Le cadrage macroéconomique, pierre d’achoppement persistante
Sur le plan financier, le Trésor fonde sa projection d’économies sur une prévision de retour au plein emploi dès 2025. Or la Banque d’Angleterre table sur une croissance limitée à 0,8 % cette année, et l’OCDE alerte sur la persistance d’un taux d’inactivité structurelle supérieur à 21 %. Dans un rapport transmis aux parlementaires, le Resolution Foundation estime que la réforme pourrait n’engendrer que « 1,7 milliard de livres » de gain net, dès lors que l’État devrait compenser l’augmentation attendue des aides au logement.
Les conservateurs rétorquent que des initiatives comme l’extension des programmes d’apprentissage et la réforme de l’immigration qualifiée dynamiseront le marché du travail. Pour l’ancien secrétaire d’État à l’Emploi Damian Green, « il ne s’agit pas de réduire pour réduire ; il s’agit de moderniser un système conçu pour les réalités économiques des années 1990 ». Un argument qui n’apaise pas totalement les inquiétudes sur le court terme.
Un Parlement sous haute tension internationale
La session agitée coïncide avec d’autres sujets de sécurité qui saturent l’agenda diplomatique britannique. Des responsables européens ont indiqué à la presse que les stocks d’uranium enrichi de l’Iran demeuraient « largement intacts » malgré la reprise des inspections de l’AIEA, relançant les discussions sur un possible réengagement de l’accord de 2015. Bien que sans lien direct avec le débat social, cette information fragilise la majorité qui cherche à cultiver un profil de fermeté à l’extérieur tout en prônant la sobriété budgétaire à l’intérieur.
À la Chambre des Lords, certains orateurs n’ont pas manqué de souligner que la crédibilité d’un pays à l’international commence par la stabilité de son contrat social. « Couper les filets de sécurité au moment où l’on exige des sacrifices géopolitiques est un pari risqué », affirme la baronne Smith, spécialiste des questions de défense. L’opinion publique partage en partie ce sentiment, 54 % des électeurs estimant, selon un sondage YouGov, que l’équilibre entre protection sociale et responsabilité budgétaire n’est « pas correctement posé ».

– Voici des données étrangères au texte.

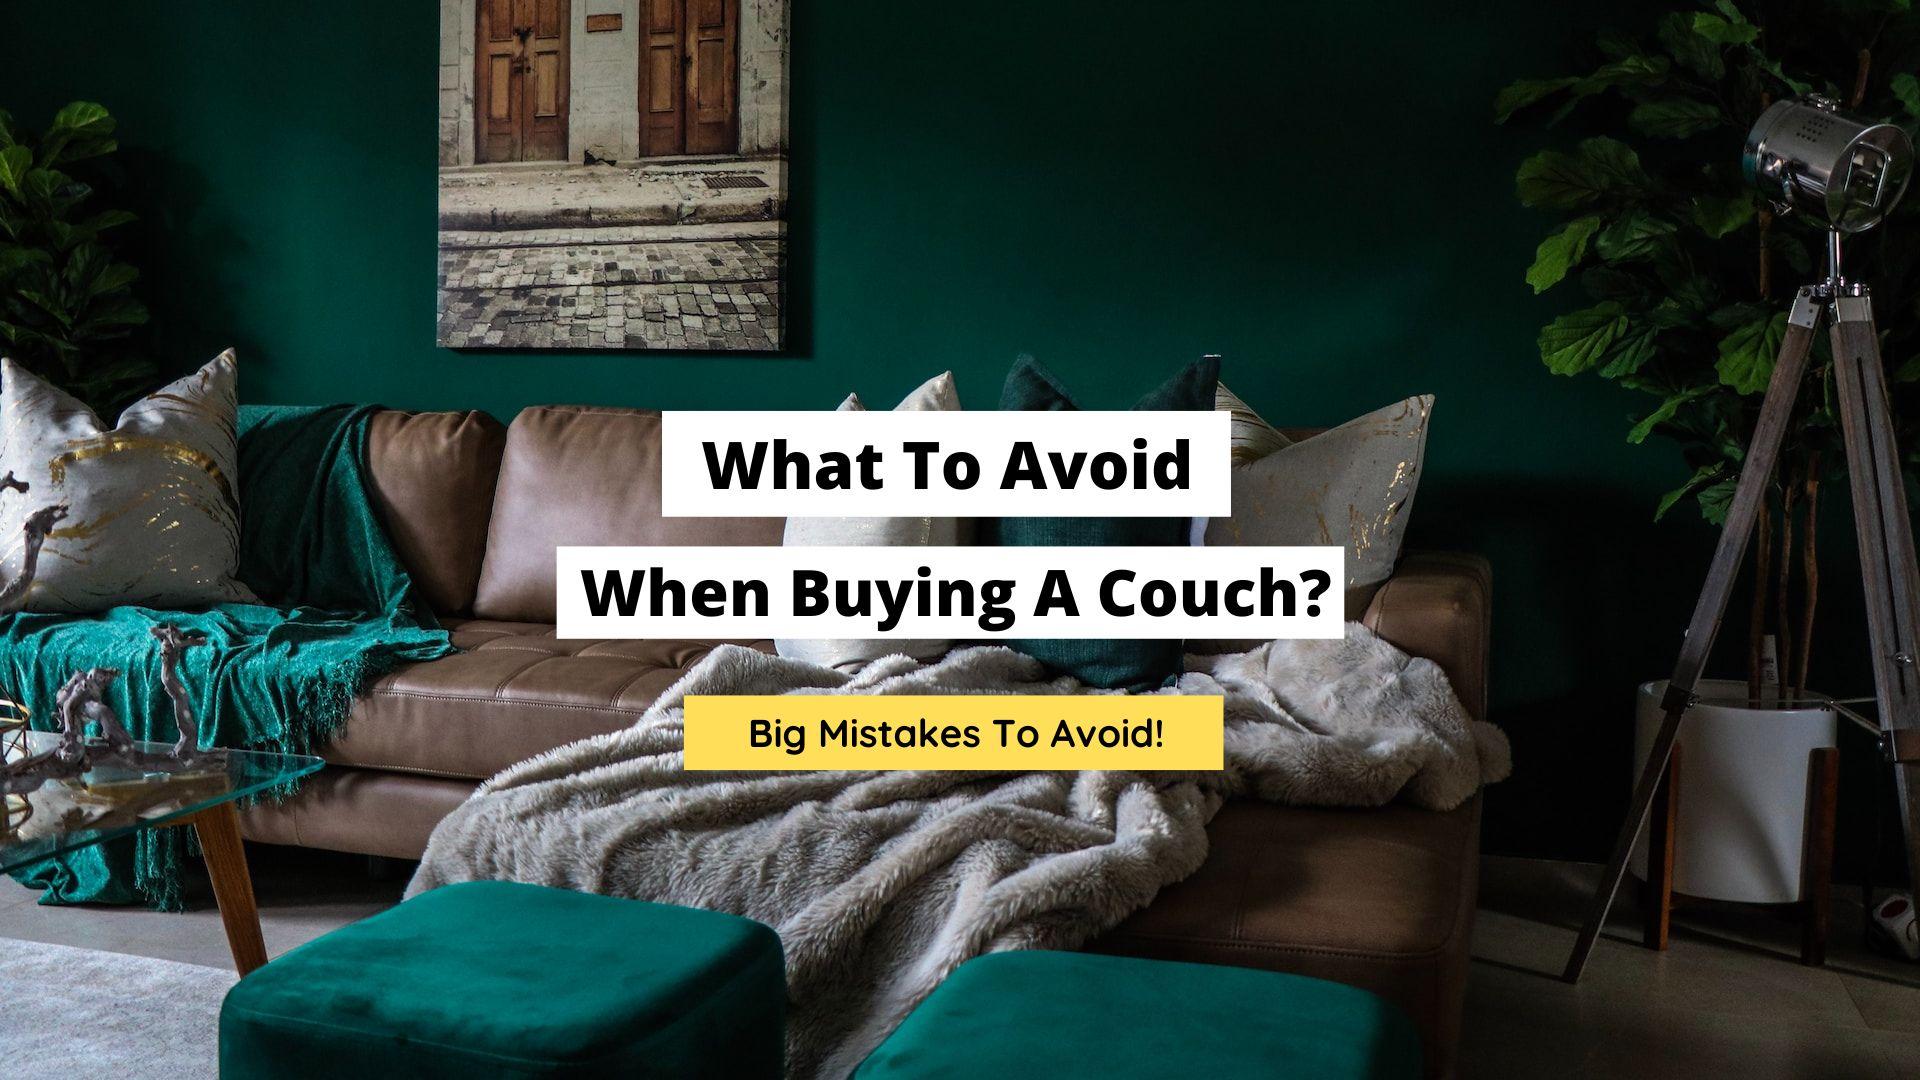 What To Avoid When Buying A Couch

Perspectives et scénarios de sortie de crise
À ce stade, trois issues se dessinent. La première serait l’adoption pure et simple du texte, au prix de concessions symboliques sur les allocations familiales. La seconde, plus probable selon plusieurs observateurs, passerait par un report de l’entrée en vigueur des nouvelles règles afin de laisser le temps à l’économie de digérer le choc inflationniste. Enfin, un rejet net entraînerait une réécriture complète du projet, scénario que le gouvernement souhaite éviter en amont de la présentation du budget d’automne.

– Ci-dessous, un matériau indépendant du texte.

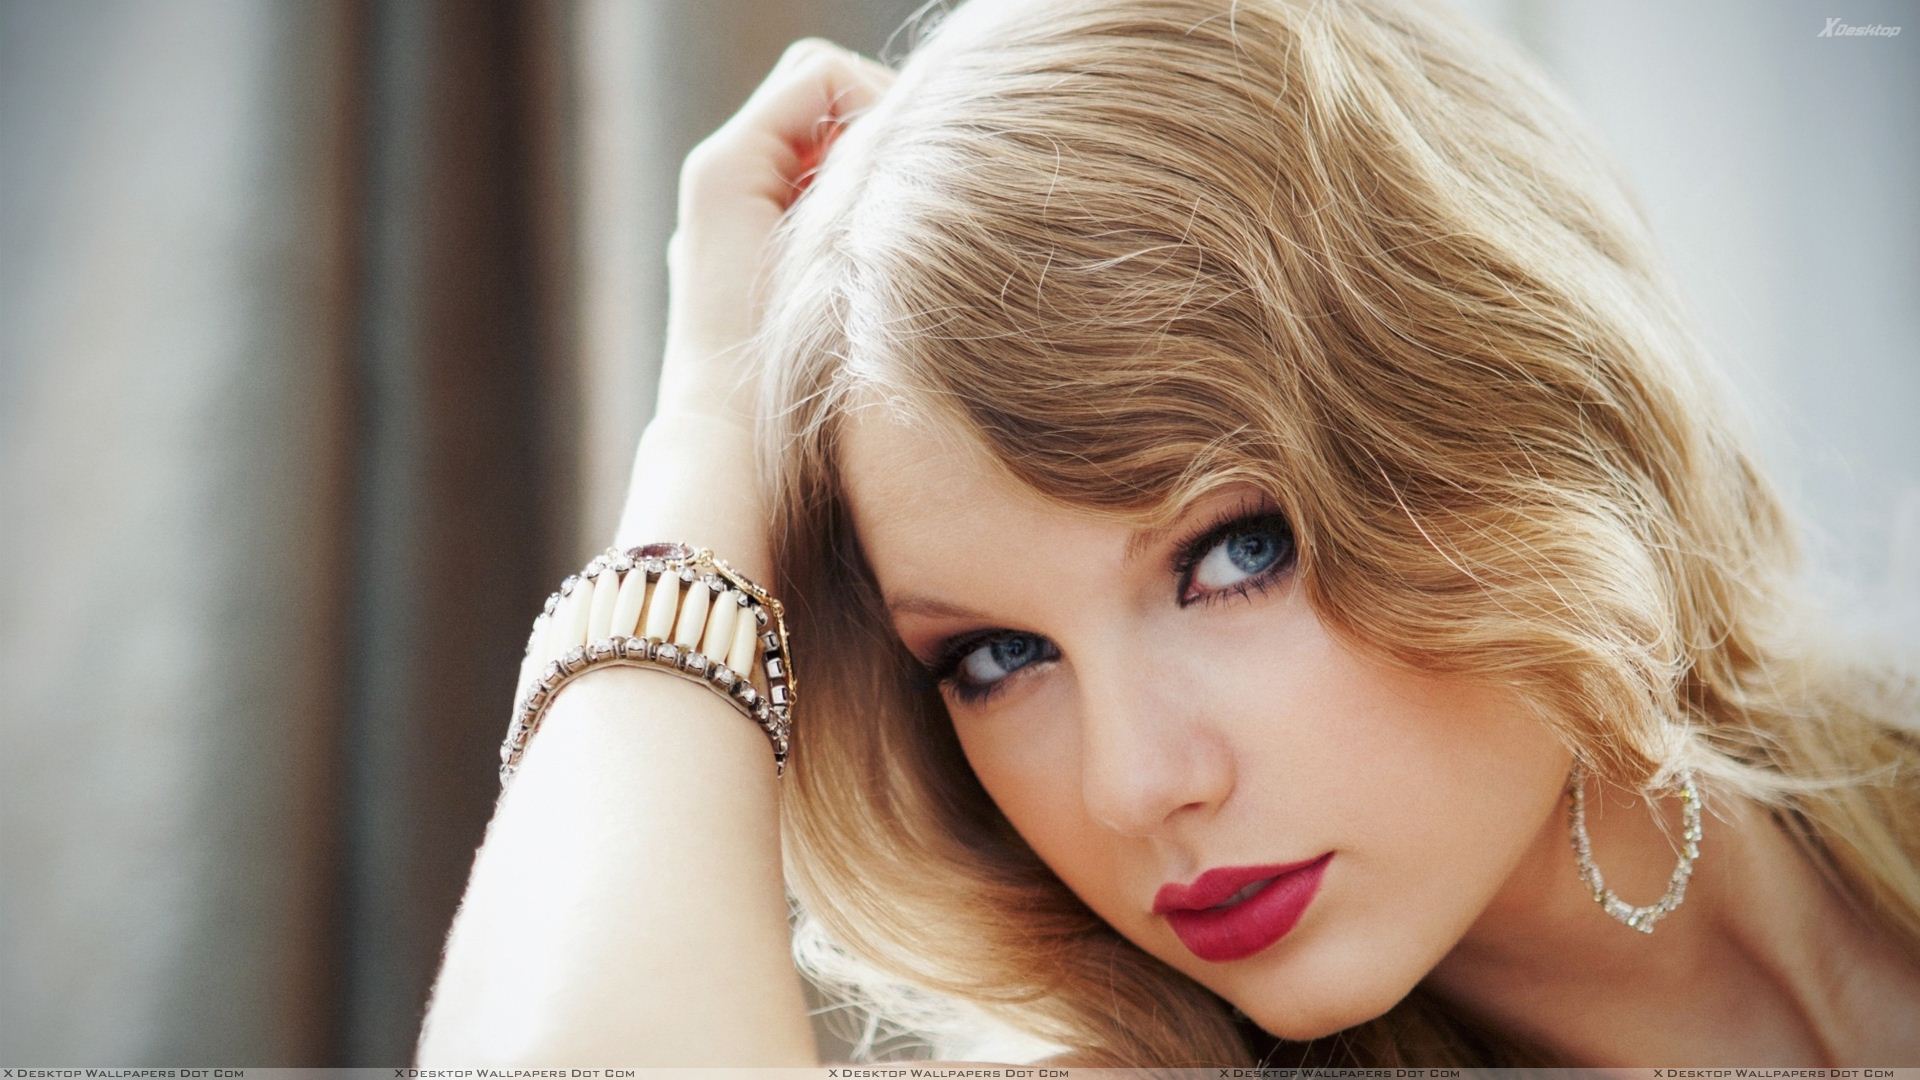 Beautiful Pictures Of Taylor Swift Hd - HD Wallpaper

Quelle que soit l’issue immédiate, la séquence confirme la centralité retrouvée du Parlement britannique après les turbulences du Brexit. Elle rappelle également que, dans les démocraties matures, la question du filet social demeure l’un des marqueurs les plus sensibles de la légitimité politique. Pour Keir Starmer comme pour Rishi Sunak, l’enjeu dépasse le score d’un vote : il touche à la crédibilité même de leurs projets respectifs de gouvernement.